Vaccination with foreign antigens is advantageous for inducing strong immune responses. Compared with tumor antigens, foreign antigens can avoid negative selection because of the “non-self” antigenicity and have high affinity to MHC class I molecules.^11,12 The binding affinity to MHC class I molecules is proportional to the antigenicity of the antigen that they are presenting. Therefore, if proteins with high antigenicity can be internalized into tumor cells, the degraded peptide can easily bind to host MHC class I molecules instead of the intrinsic antigens. MHC class II molecules are mainly expressed on macrophages, dendritic cells, and B cells,¹³ while MHC class I molecules are expressed on all nucleated cells.¹⁴ If the foreign antigenic proteins are administered and internalized into cells non-specifically, the cells would be targeted by the antigen-specific CTLs in the host. To propose a cancer vaccine strategy using foreign antigenic proteins, the development of carriers that specifically deliver the antigens to tumor cells is a primary requirement.

Hyaluronic acid (HA) is a linear high-molecular-weight polysaccharide consisting of alternating N-acetyl-β-D-glucosamine and β-D-glucuronate residues linked at 1–3 and 1–4 positions.^15,16 HA is a component of extracellular matrices and is abundant in hydrated tissues such as the vitreous of the eye, articular cartilage, synovial fluid, and skin.¹⁷ Because HA possesses high biocompatibility and biodegradability, along with no toxicity, immunogenicity, or inflammatory effects, HA and its derivatives have been widely used as medical materials, such as for visco-supplementation, drug delivery, and tissue engineering.^18–21 HA can specifically bind to various HA receptors on the cell surface such as CD44^22,23 and receptors for HA-mediated motility (RHAMM).²⁴ Cells from a variety of cancers, such as epithelial, ovarian, colon, and stomach, overexpress these HA-binding receptors.²⁵ This background prompted the idea of taking advantage of HA for tumor-targeted drug delivery. HA has carboxylic acid (COOH) and alcohol (OH) functional groups in the repeating unit of polymers, making various chemical modifications possible.
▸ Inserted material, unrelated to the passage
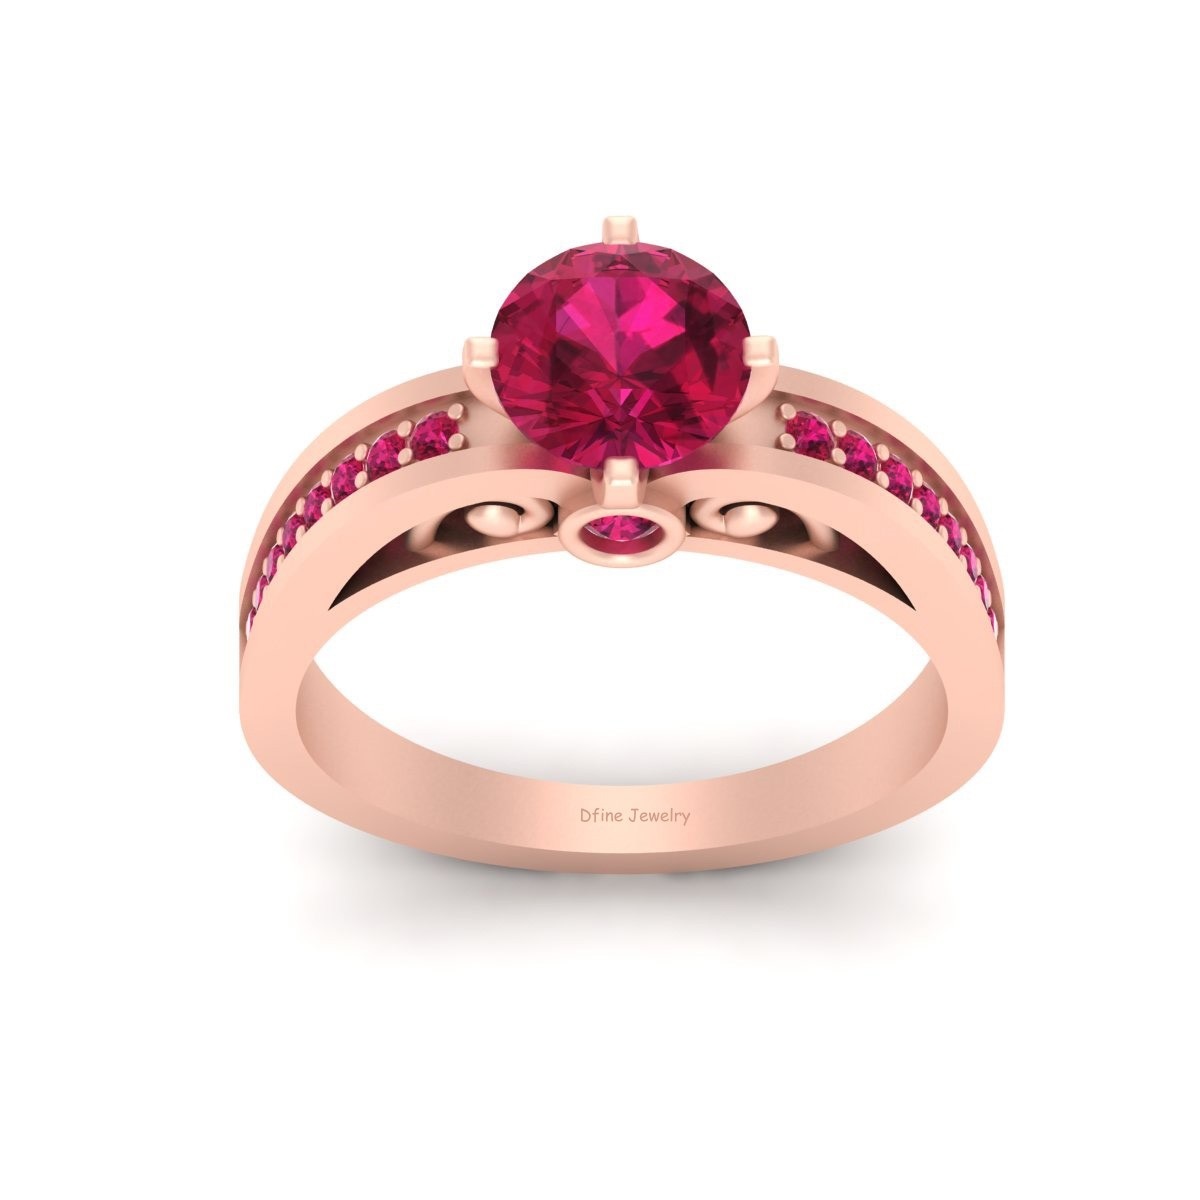 Sleeping Beauty Princess Aurora Inspired Engagement Ring Womens Wedding Jewelry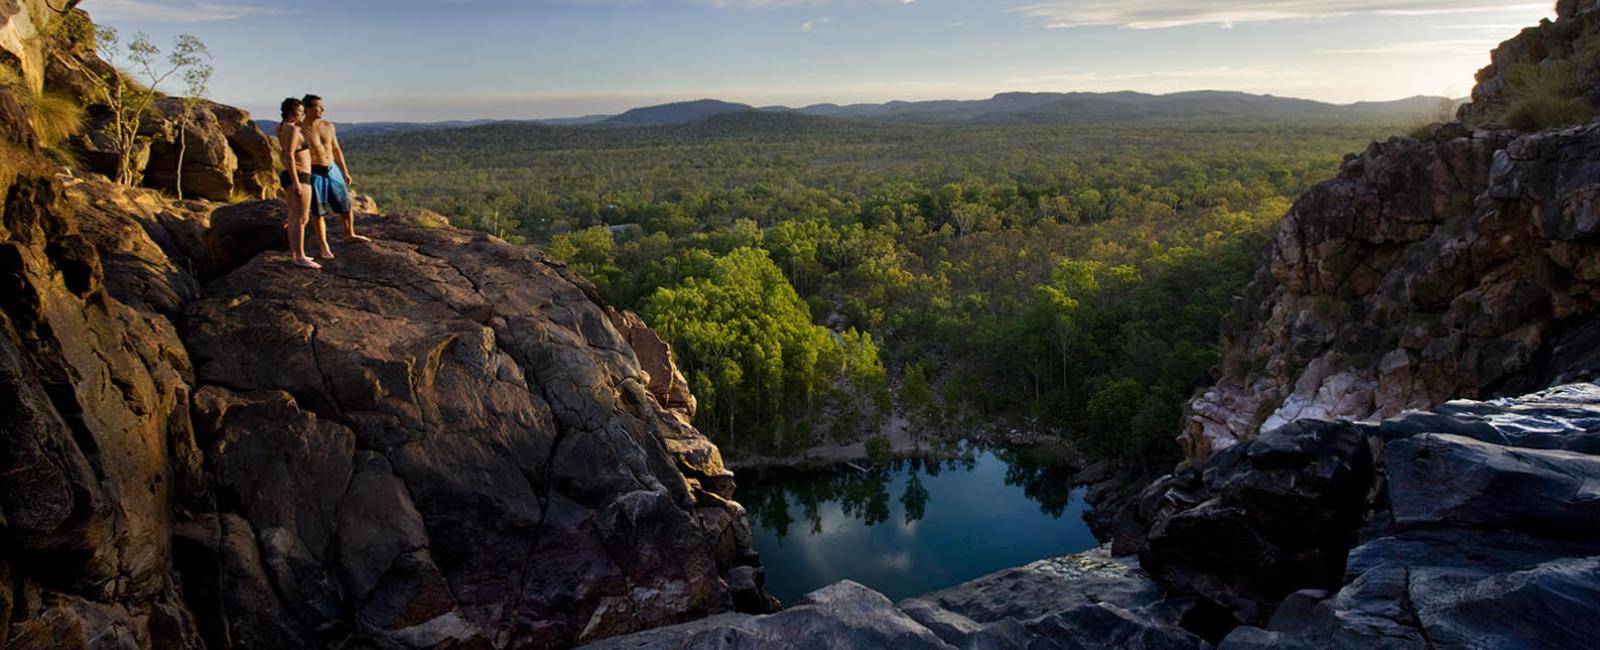 Gunlom views | Five best natural encounters near Darwin

For example, a carboxylic acid group can be used for the formation of electrostatic complexes with positively charged polymers, but also for crosslinking with materials with an amino group through a dehydration reaction.²⁶ Oxidation of hydroxy groups produces dialdehydes by opening the sugar rings.²⁷ In addition, the reducing end of HA can also be used for reductive amination with materials having amino groups.^20,28 A variety of chemically modified HAs have been extensively studied to deliver anti-tumor drugs, short-interfering RNA, and antisense DNA into tumor cells.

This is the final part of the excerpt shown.